1990/04/01 Angulo, Patxi Iturria: Elhuyar aldizkaria

The first numbers that were invented were one and two. One to express oneself. Bia was a sign of duplicity.

Prehistory Prehistory

Human beings of old used the senses to express quantities that, like some animals, were not able to distinguish large quantities (as we do not understand today the quantity of three trillion).

The first numbers that were invented were one and two. One to express oneself (within a group). Also to express the penis (to differentiate from women) or man (to differentiate from animals).

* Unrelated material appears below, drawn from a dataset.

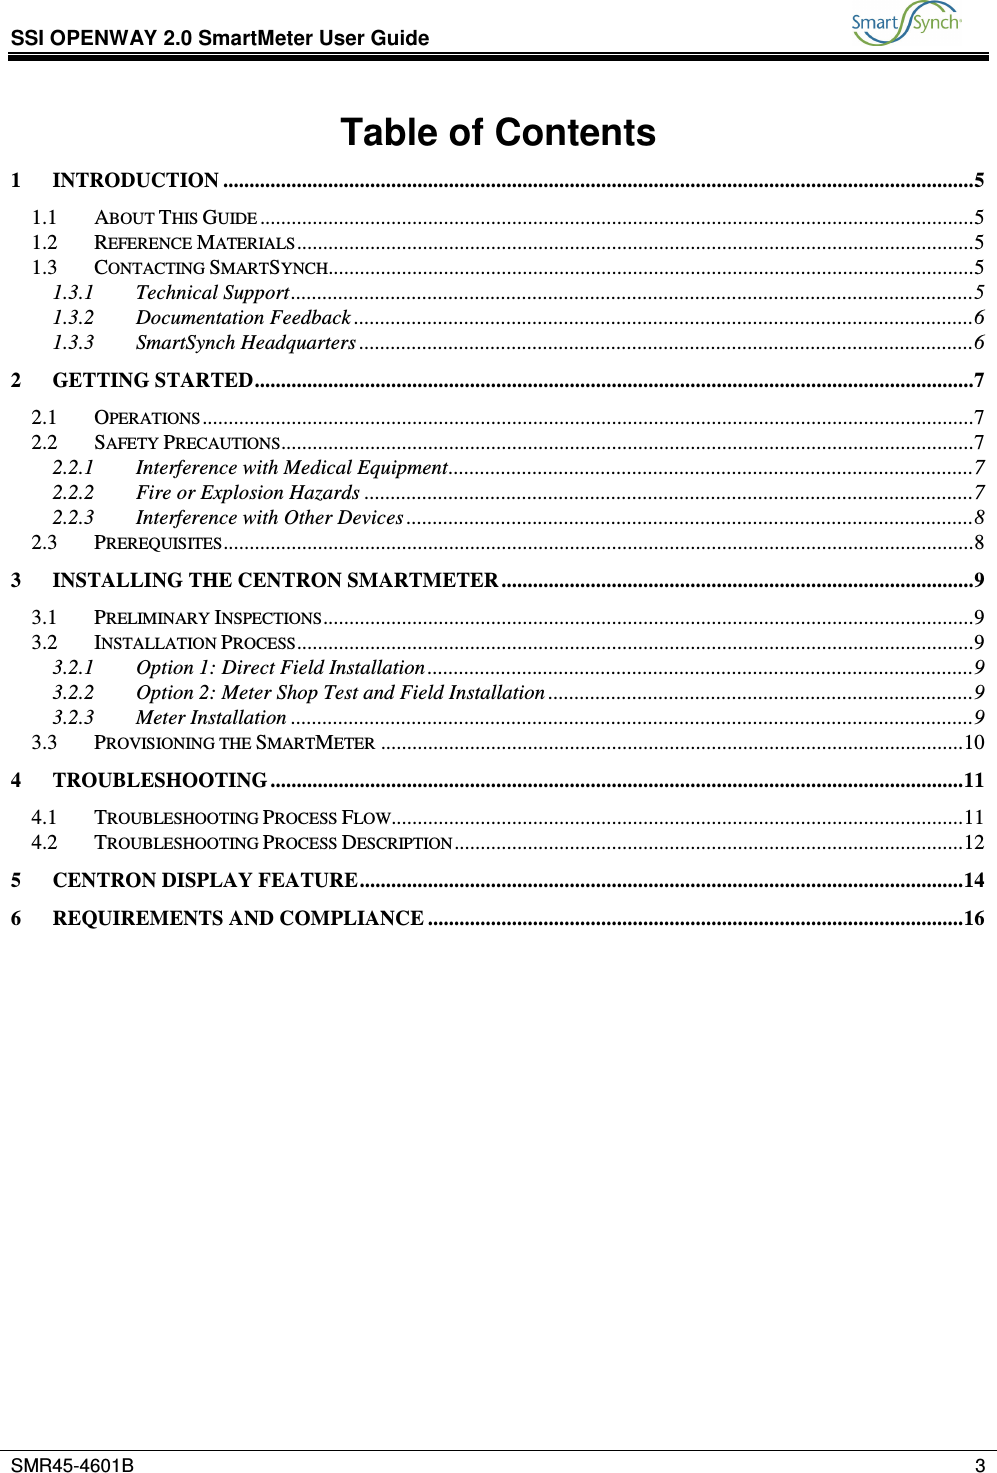 SSI OPENWAY 2.0 SmartMeter User Guide           SMR45-4601B    3  Table of Contents 1 INTRODUCTION ...............................................................................................................................................5 1.1 ABOUT THIS GUIDE ........................................................................................................................................5 1.2 REFERENCE MATERIALS.................................................................................................................................5 1.3 CONTACTING SMARTSYNCH...........................................................................................................................5 1.3.1 Technical Support..................................................................................................................................5 1.3.2 Documentation Feedback ......................................................................................................................6 1.3.3 SmartSynch Headquarters .....................................................................................................................6 2 GETTING STARTED.........................................................................................................................................7 2.1 OPERATIONS...................................................................................................................................................7 2.2 SAFETY PRECAUTIONS....................................................................................................................................7 2.2.1 Interference with Medical Equipment....................................................................................................7 2.2.2 Fire or Explosion Hazards ....................................................................................................................7 2.2.3 Interference with Other Devices ............................................................................................................8 2.3 PREREQUISITES...............................................................................................................................................8 3 INSTALLING THE CENTRON SMARTMETER..........................................................................................9 3.1 PRELIMINARY INSPECTIONS............................................................................................................................9 3.2 INSTALLATION PROCESS.................................................................................................................................9 3.2.1 Option 1: Direct Field Installation ........................................................................................................9 3.2.2 Option 2: Meter Shop Test and Field Installation .................................................................................9 3.2.3 Meter Installation ..................................................................................................................................9 3.3 PROVISIONING THE SMARTMETER ...............................................................................................................10 4 TROUBLESHOOTING ....................................................................................................................................11 4.1 TROUBLESHOOTING PROCESS FLOW.............................................................................................................11 4.2 TROUBLESHOOTING PROCESS DESCRIPTION.................................................................................................12 5 CENTRON DISPLAY FEATURE...................................................................................................................14 6 REQUIREMENTS AND COMPLIANCE ......................................................................................................16

Bia was an expression of duplicity (empowerment and manhood, life and death, truth and false, good and evil, etc. ).

In general, it can be said that from there (two) to separate larger quantities no special symbols were used and when they had to represent large quantities the same symbol was used, regardless of quantity. Their witnesses can be found in several languages of their environment: in the French they are similar trois (three) and très (very), in the English three (three) and throng (one machine), in the Latin only the first four numbers were declined.

It could be said, therefore, that at that time “the human capacity in terms of the understanding of the numbers did not pass by four.” This should not surprise us if we take into account that, at first glance, we are not able to guess how many cars there are in a row.

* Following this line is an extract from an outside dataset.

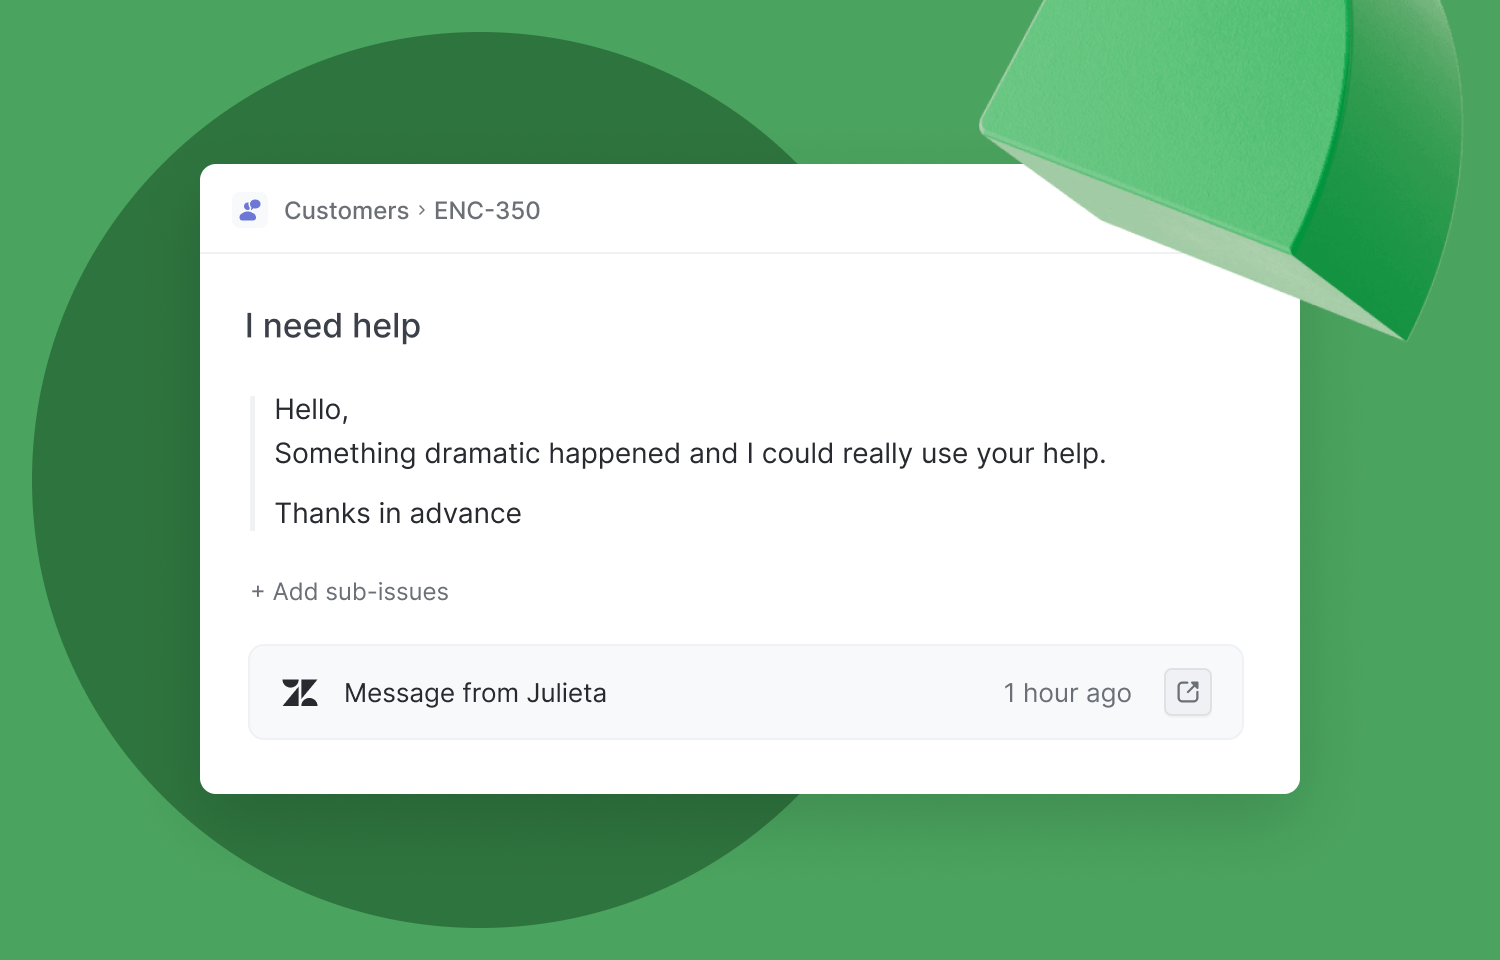 A Linear issue linked to Zendesk, showing the Zendesk ticket and quoted text from the customer

How did the first inhabitants learn to count? To answer this question it is necessary to distinguish and understand the two forms of numbers: cardinal and ordinal. Below is an example: If we say “It has 28 days of February” we speak of the number of days of February. Therefore, number 28 indicates a cardinal. On the contrary, if we say “today is February 28”, today we are saying it is February 28. Therefore, we indicate the order, that is, the ordinal form.

At first they used the method of pairing, that is, on a stick that blew for each grain, or they took a stone, or touched a part of the body. But that wasn't a big breakthrough. And it is that when they had to recount the same thing they had to redo bleeding. For example, when a flock of sheep went out in the morning and kept it in the afternoon, they had to count to know if any had been lost.

The Papuans of New Guinea used the body to quantify at the beginning of this century. Each part of the body indicated a number and to count it up to a number, maintaining the order in which the parts corresponding to all the previous numbers were touched. For example, to count 10 they played the chip (1) of the right hand, the tenant (2), the middle (3), the index (4) and the thumb (5), then the wrist (6), the elbow (7), the shoulder (8), the ear (9) and the eye (10). But if once they had done this they meant that they had counted 10, they did not touch the right eye directly, but began with the chip (1). This tells us that they had no abstract idea of numbers.

The exposed here is applicable to the old neighbors and without lips we can say that the body was the first support of arithmetic. It is the habit of having fingers of hands that still survive.

We could say that with these techniques they also learned to count at the same time that they learned to differentiate both forms. It was demonstrated that the differentiation capacity was human. We use both forms so often that we often forget the difference.

Invention of bases

Once the separation capacity was achieved, they found another problem: stones, sticks, notches, etc., which could not count large quantities. Continuous use. The solution was not, on the other hand, to give a special name to each number (number). Therefore, the human being was found in the need to express the greatest amounts of symbols at least.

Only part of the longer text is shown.